## Task
Return all of the data verbatim, dropping any picture.

## Collected material
================================

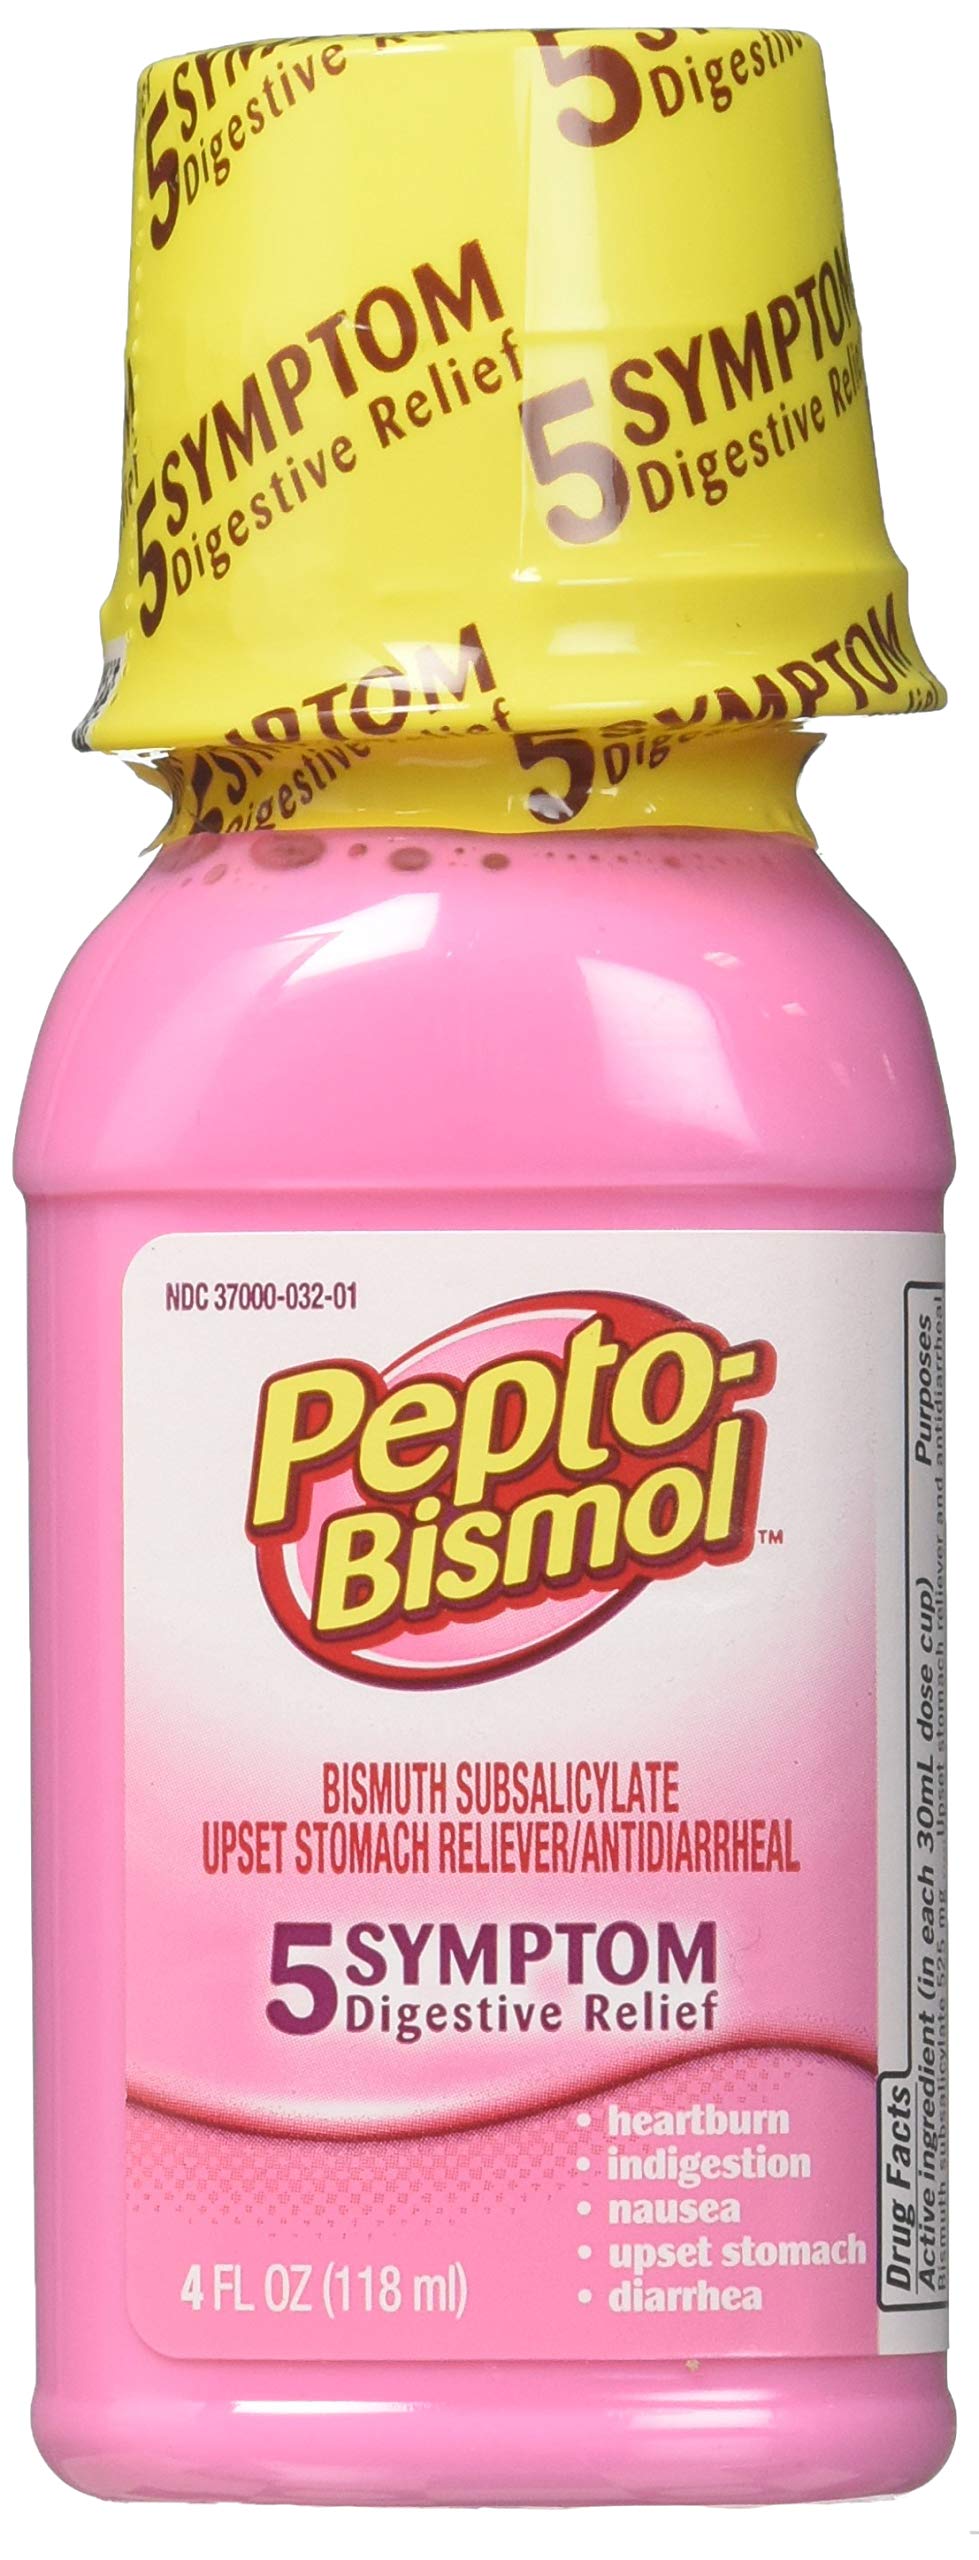 Pepto-Bismol Original Liquid 5 Symptom Digestive Relief, 4 oz (Pack of 6)
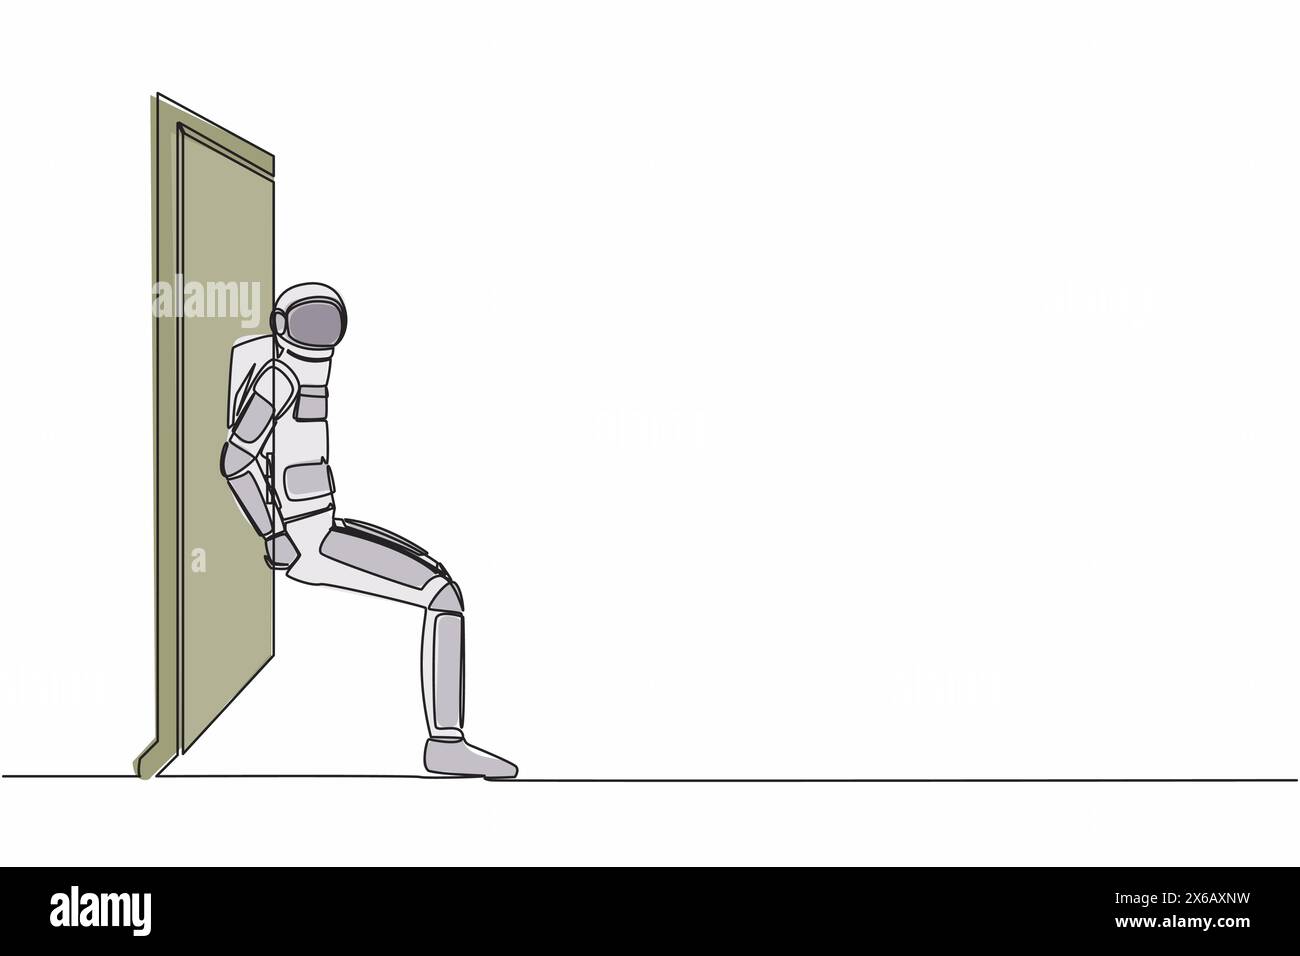 Durchgehende Zeichnung eines jungen Astronauten, der mit dem Rücken die Tür schiebt. Raumfahrer überwindet Hindernisse bei einer Raumschiffexpedition. Cosmonaut äusserer Spac Stock Vektor
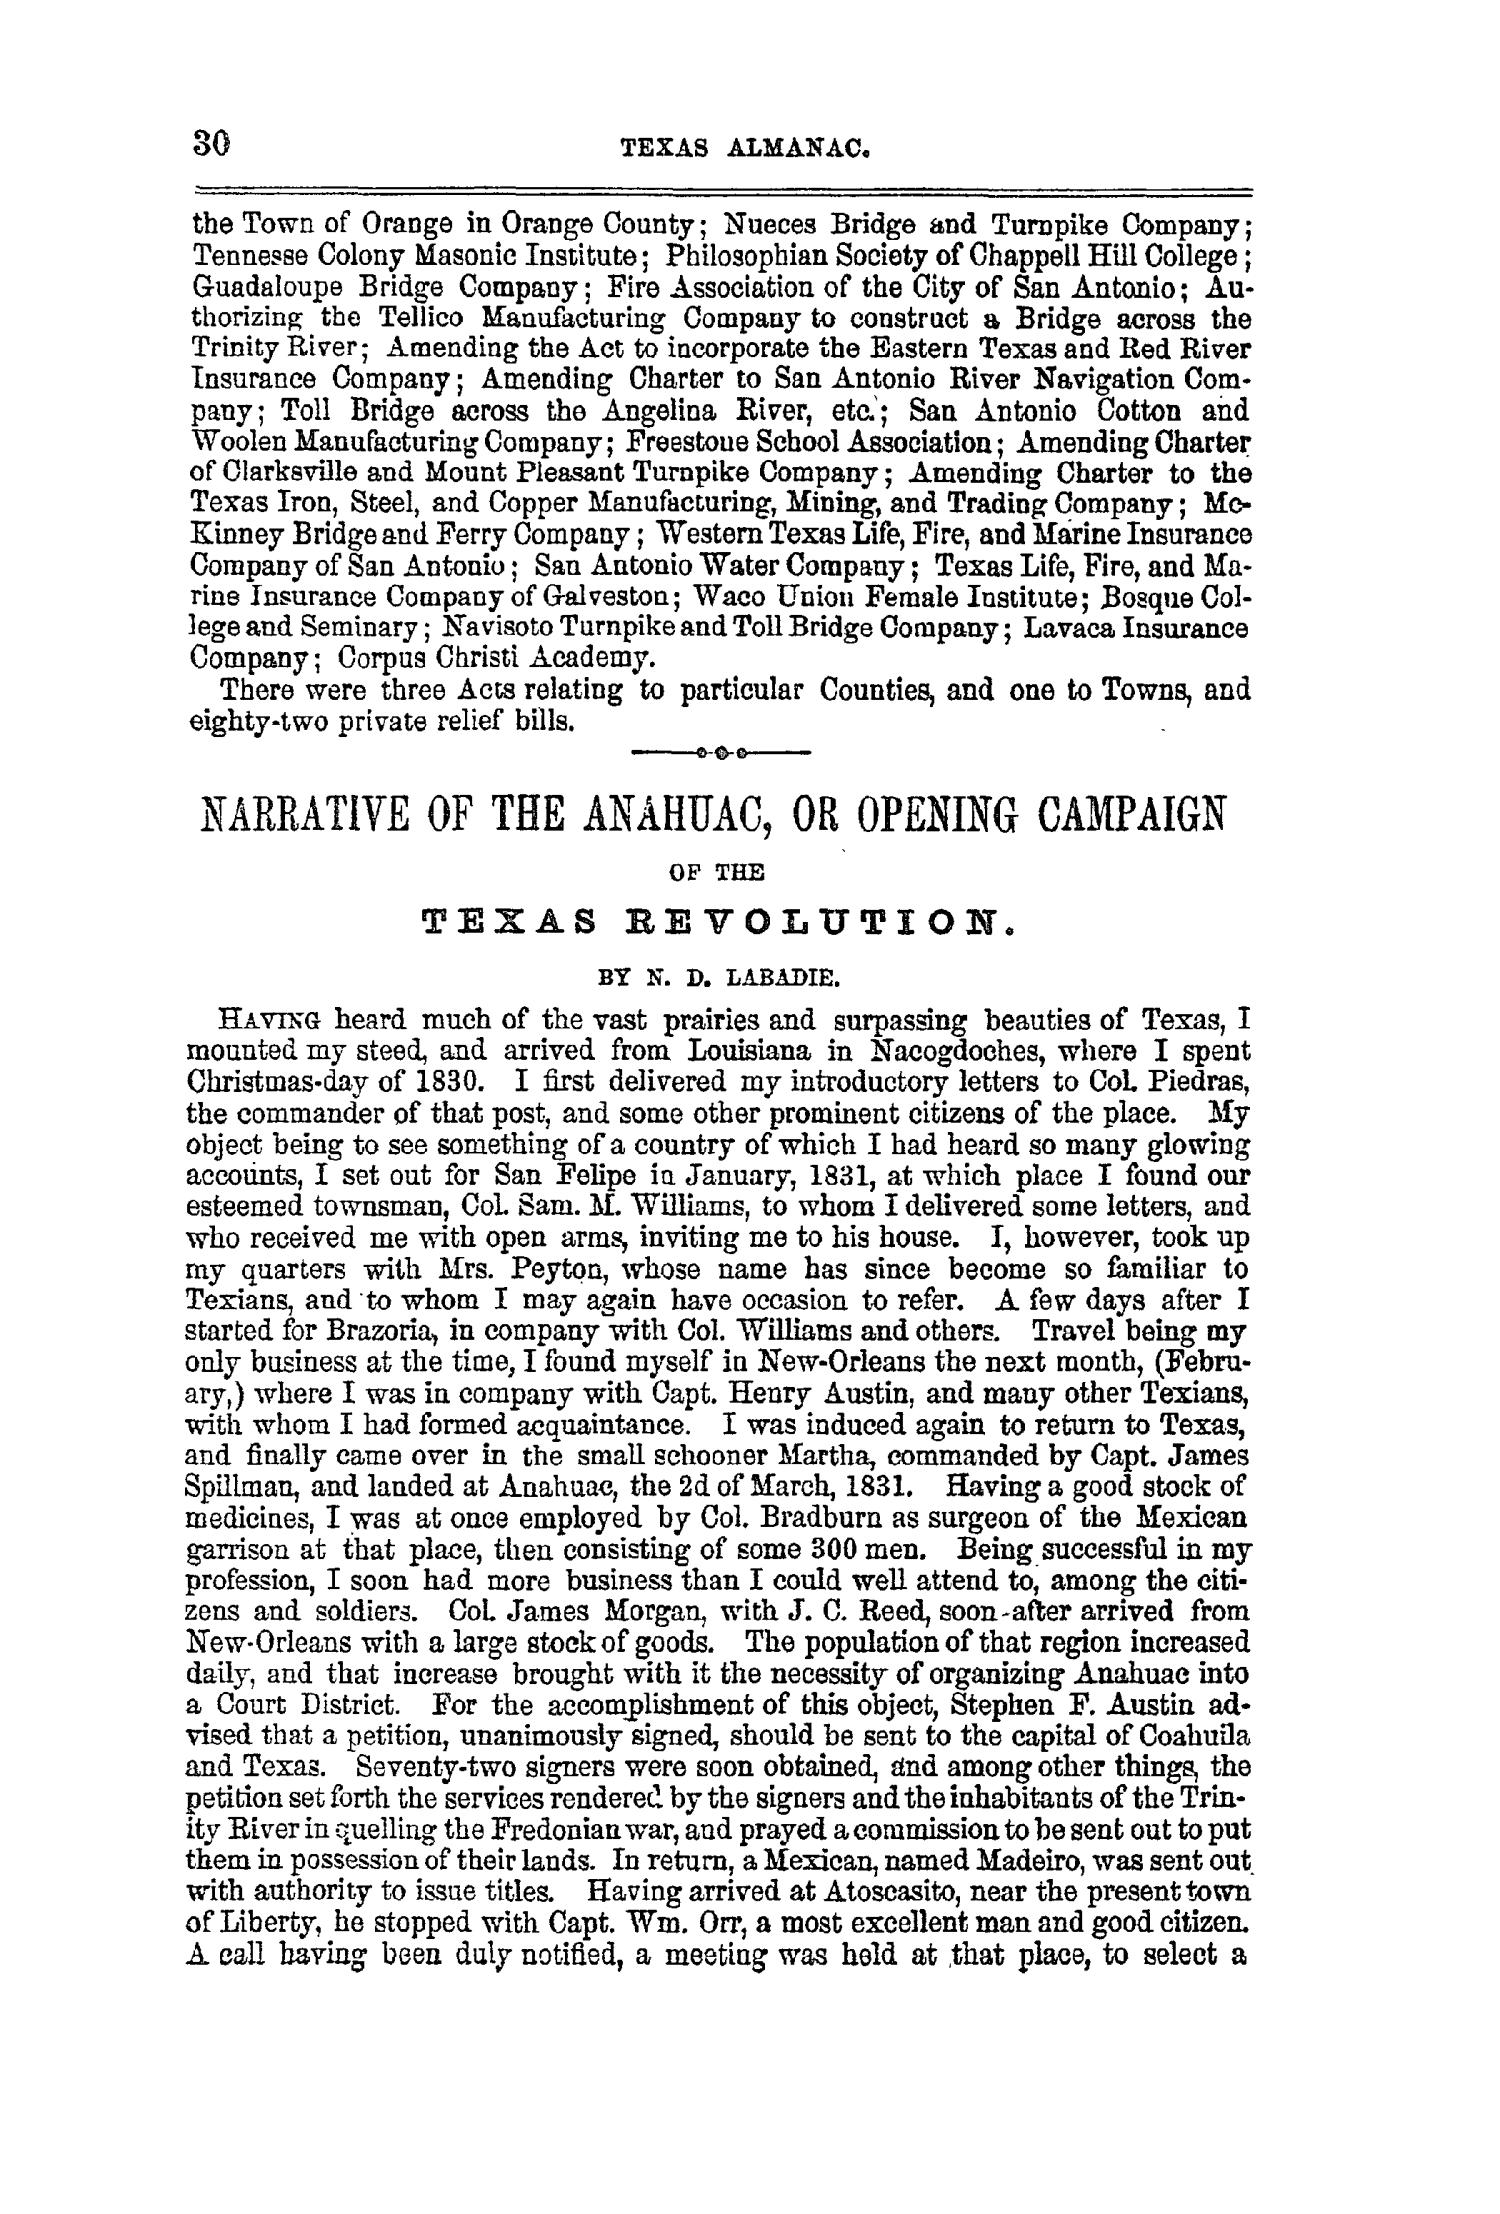 Texas Almanac, 1859
                                                
                                                    30

================================

## Your response
 Pepto-Bismol Original Liquid 5 Symptom Digestive Relief, 4 oz (Pack of 6)
 Durchgehende Zeichnung eines jungen Astronauten, der mit dem Rücken die Tür schiebt. Raumfahrer überwindet Hindernisse bei einer Raumschiffexpedition. Cosmonaut äusserer Spac Stock Vektor
 Texas Almanac, 1859
                                                
                                                    30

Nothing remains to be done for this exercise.